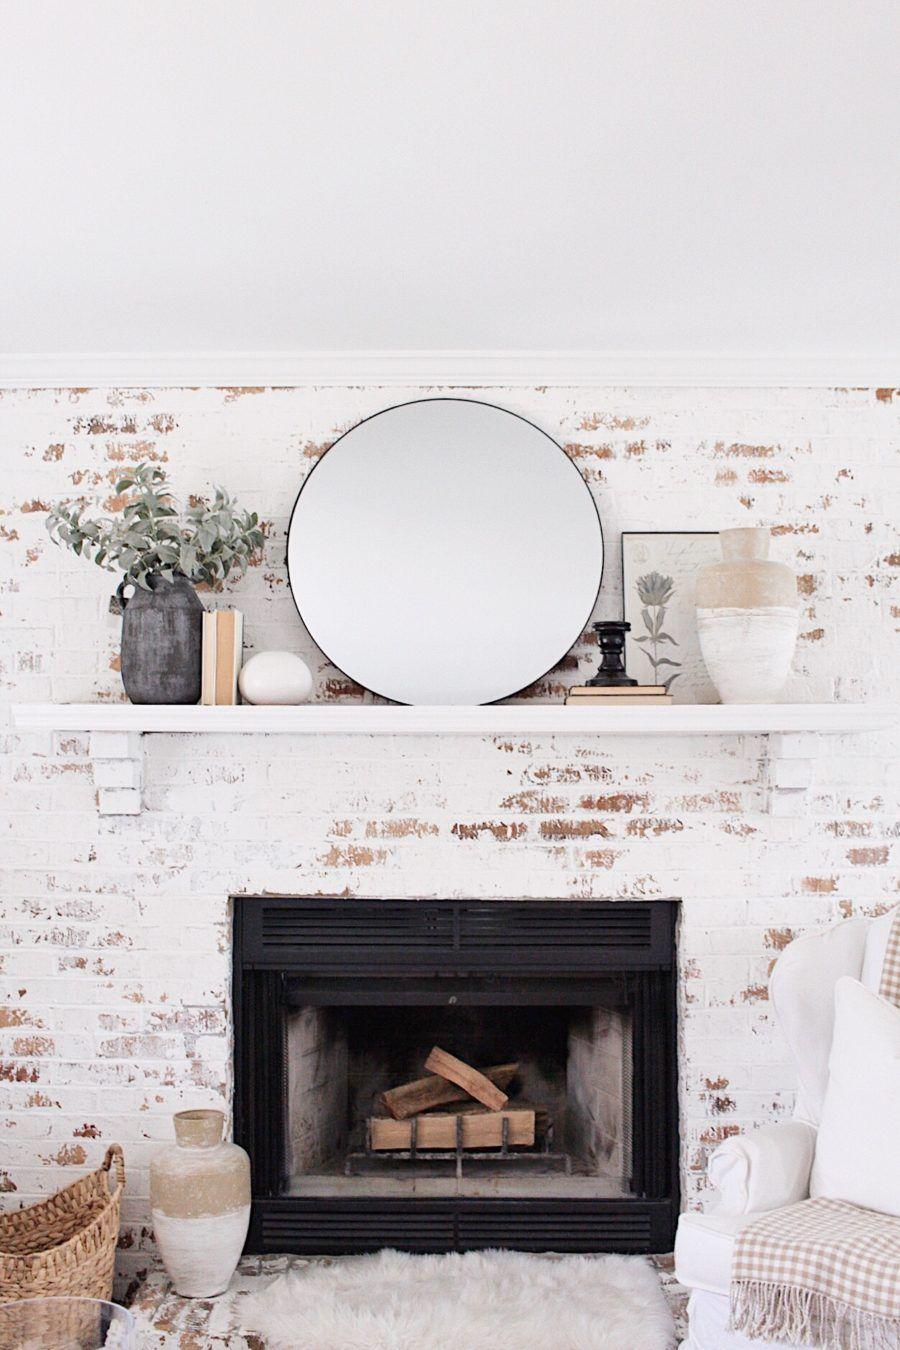 White Brick Fireplace Mantle Decor Ideas With Round Black Mirror
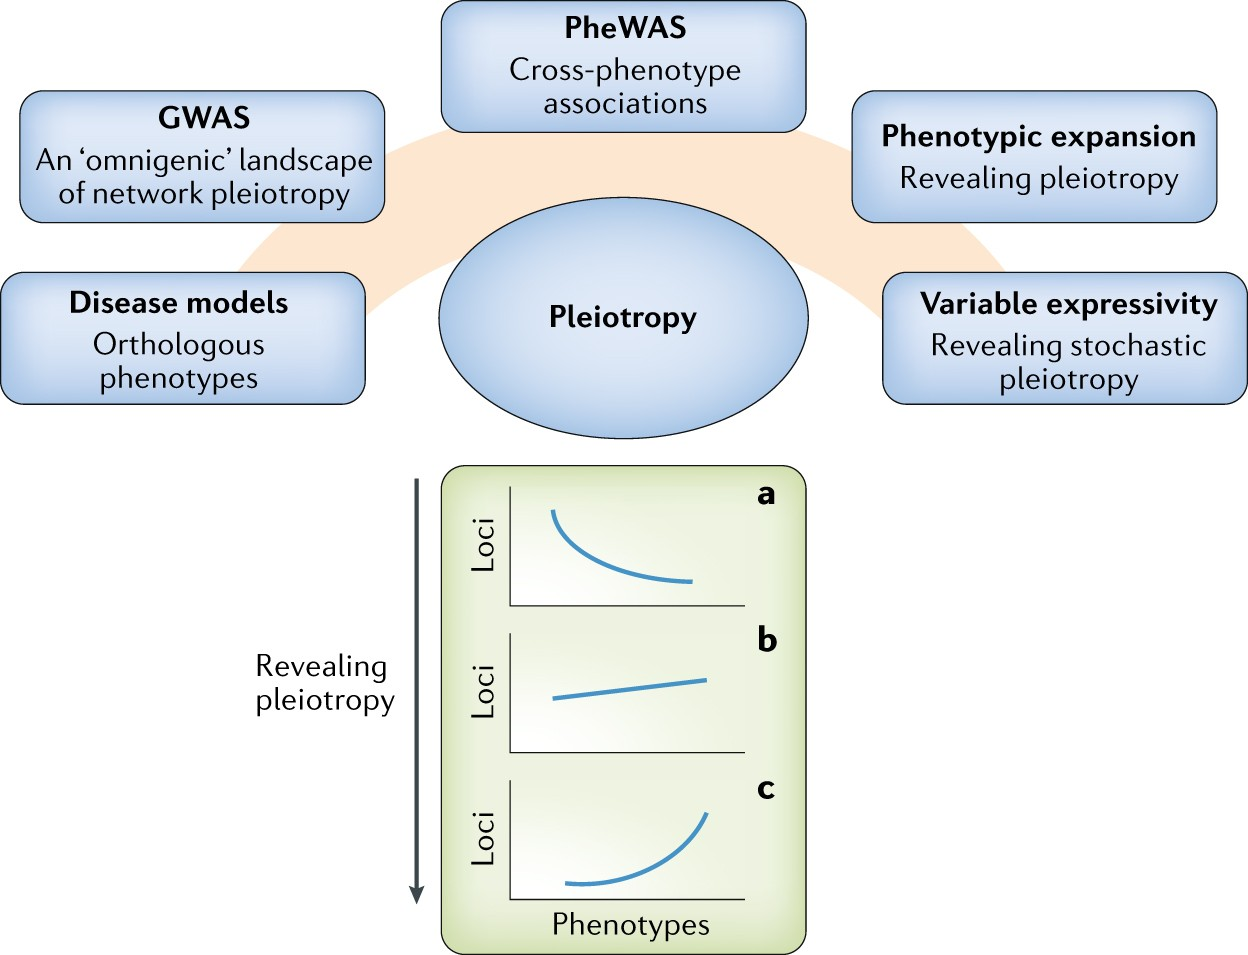 41576_2018_5_Fig1_HTML high throughput mouse phenomics for characterizing mammalian gene
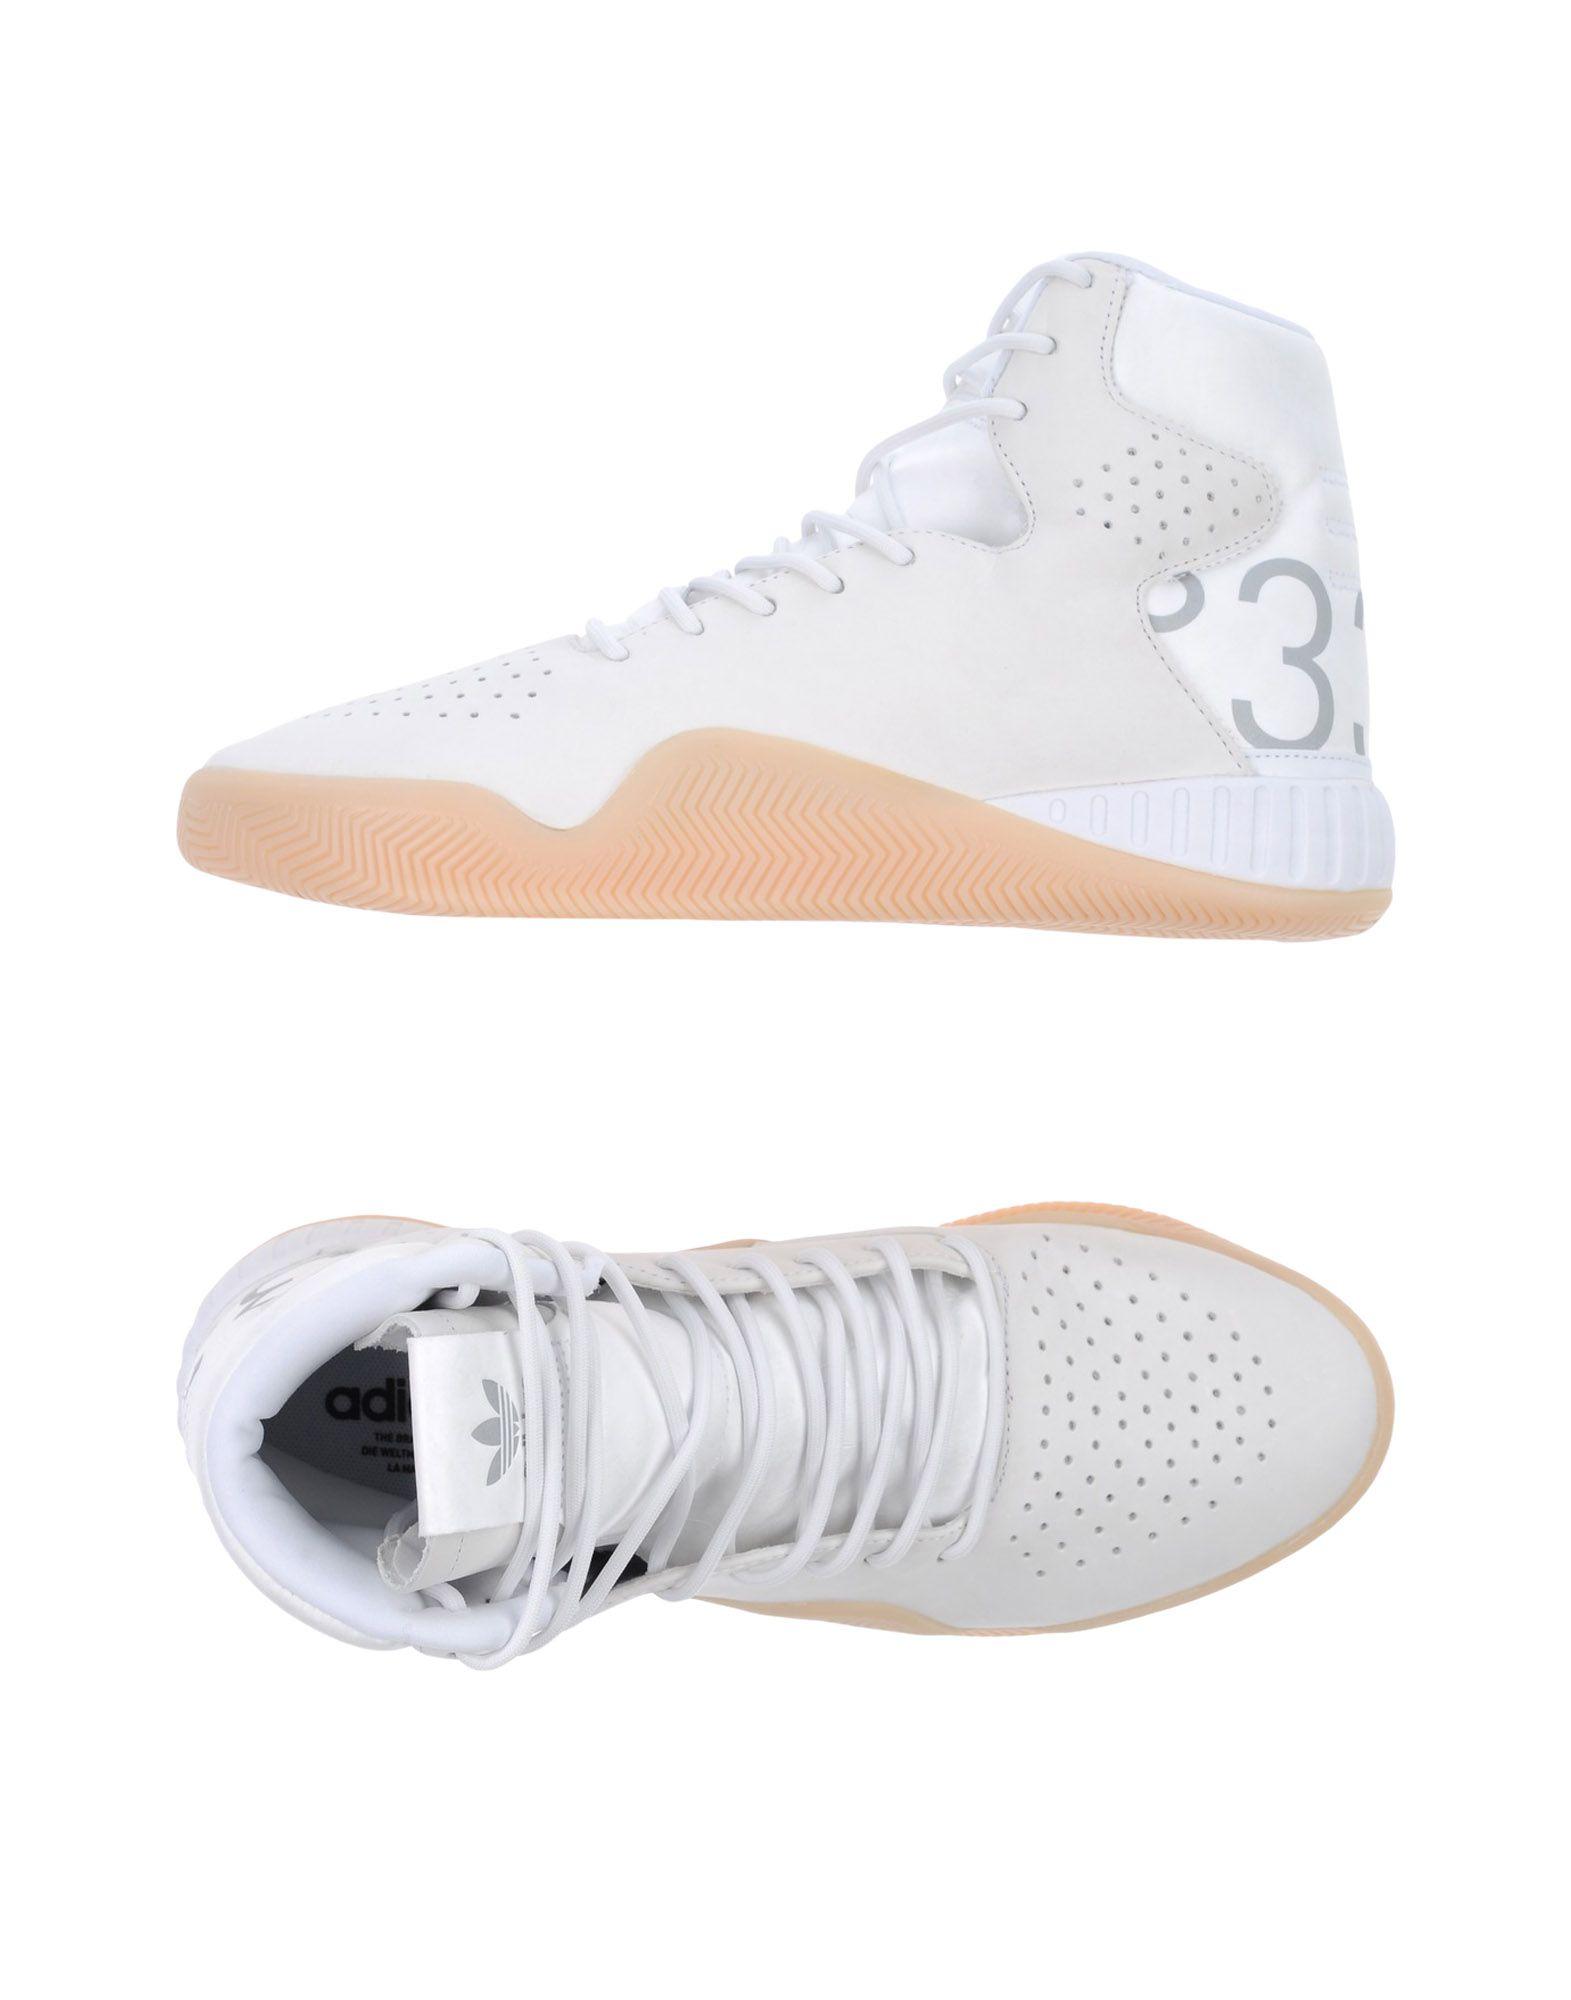 Adidas Originals Sneakers - Men Adidas Originals Sneakers Sneakers Sneakers online on  Australia - 11335383OS e12ccc

Exercise prompt:
Send back every line of the listing exactly. Omit the images.

Written reply:
 White Brick Fireplace Mantle Decor Ideas With Round Black Mirror
 41576_2018_5_Fig1_HTML high throughput mouse phenomics for characterizing mammalian gene
 Adidas Originals Sneakers - Men Adidas Originals Sneakers Sneakers Sneakers online on  Australia - 11335383OS e12ccc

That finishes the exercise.